Comment 2 for bug 1880777

Revision history for this message
Bart Wensley (bartwensley) wrote : Re: VM live-migration command hangs

Although the failure in the VIM is the same as bug 1862049, I am re-opening this LP to address the problem that led to the VIM hang - there appears to be message loss between the VIM and openstack pods. From the AIO-DX system where this problem was seen, I can see the VIM is having trouble communicating with Cinder (not all the time - but several times an hour). The logs look like this:

2020-05-27T18:43:29.485 controller-0 VIM_Thread[2249636] INFO _task_worker_pool.py.73 Timeout worker BlockStorage-Worker-0
2020-05-27T18:43:30.490 controller-0 VIM_Thread[2249636] ERROR _task.py.200 Task(get_volumes) work (get_volumes) timed out, id=16520.
2020-05-27T18:43:30.492 controller-0 VIM_Thread[2249636] ERROR _vim_nfvi_audits.py.635 Audit-Volumes callback, not completed, responses={'completed': False, 'reason': '', 'page-request-id': '3e598409-1207-47b3-9dc2-3d8eccb2d1cb'}.
2020-05-27T18:45:16.438 controller-0 VIM_BlockStorage-Worker-0_Thread[1236728] INFO _timer_scheduler.py.57 Not scheduling on time, elapsed=127499 ms.
2020-05-27T18:45:16.439 controller-0 VIM_BlockStorage-Worker-0_Thread[1236728] INFO _thread.py.218 Thread BlockStorage-Worker-0: not scheduling on time
2020-05-27T18:45:16.439 controller-0 VIM_BlockStorage-Worker-0_Thread[1236728] INFO _thread.py.218 Thread BlockStorage-Worker-0: not scheduling on time
2020-05-27T18:45:16.439 controller-0 VIM_BlockStorage-Worker-0_Thread[1236728] INFO _thread.py.232 Thread BlockStorage-Worker-0: shutting down.
2020-05-27T18:45:16.440 controller-0 VIM_BlockStorage-Worker-0_Thread[1236728] INFO _thread.py.236 Thread BlockStorage-Worker-0: shutdown.

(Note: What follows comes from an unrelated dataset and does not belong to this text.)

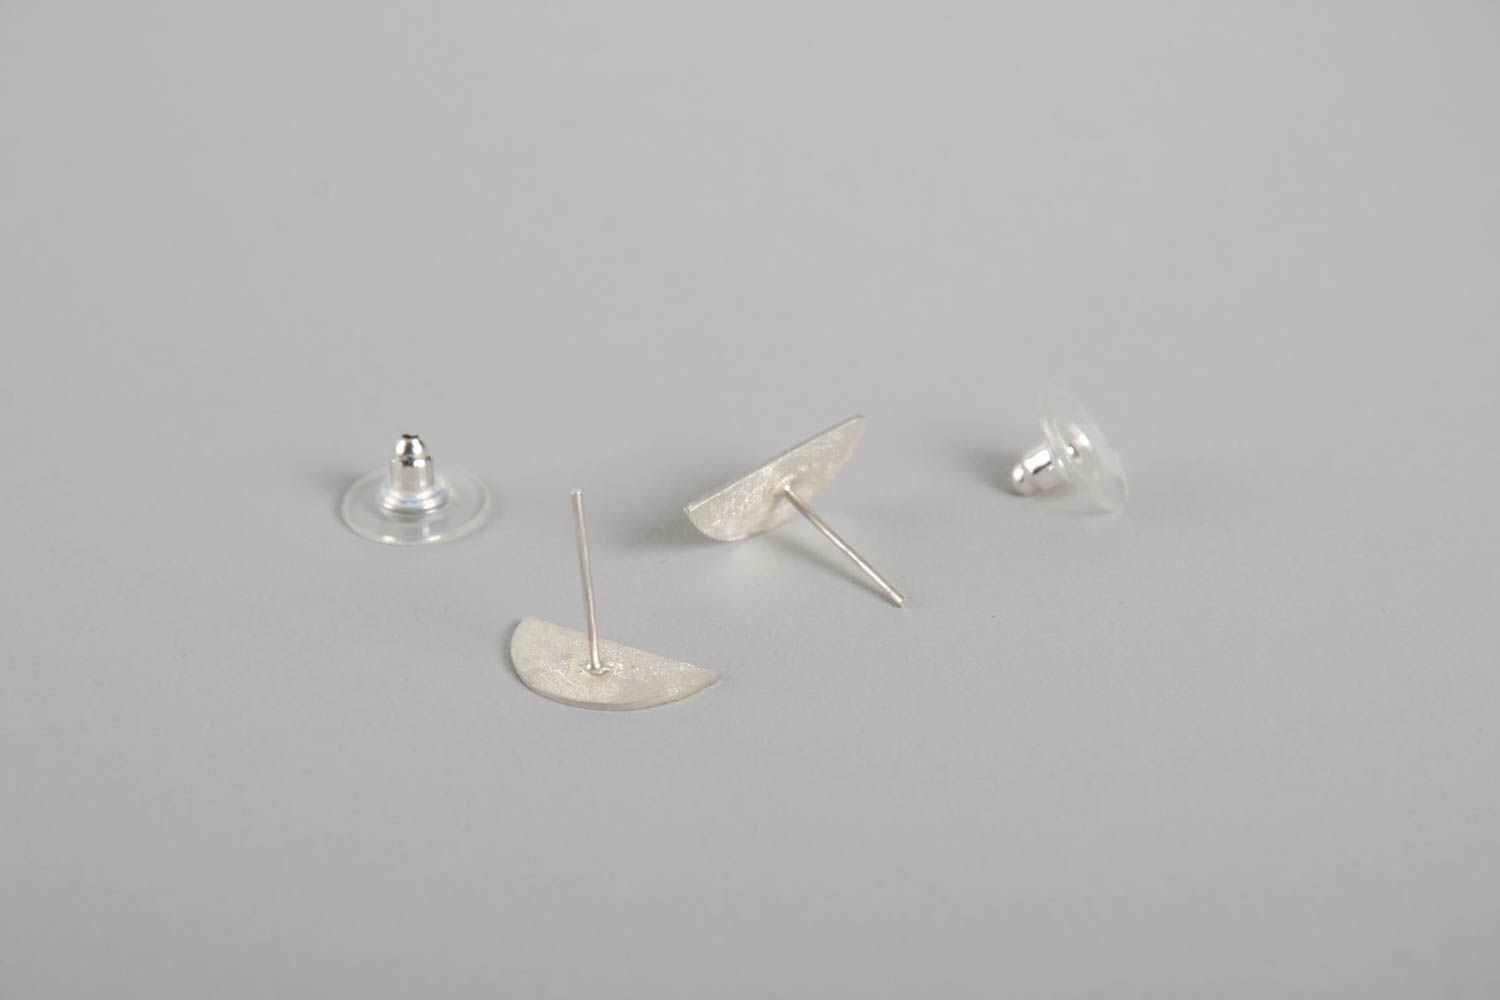 Handmade earrings for women designer accessory gift ideas unusual jewelry photo 4

Over a year ago, I noticed there was message loss between the VIM and the openstack pods and raised https://bugs.launchpad.net/starlingx/+bug/1817936.

I spent significant time on that bug, then Matt spent time on it. Finally, Austin Sun debugged further and came up with a fix. His fix was to change the sysctl setting net.ipv4.tcp_tw_reuse to 0. Looking in the system where this issue occurred, I see that this setting is still at 0. This leads me to conclude one of the following:
- The fix for 1817936 did not fix the problem.
- Something changed after the fix was done and it is broken again (e.g. new kernel, new k8s version).
- We have another completely different bug.

The issue of message loss between the VIM and the openstack pods should be debugged under this LP.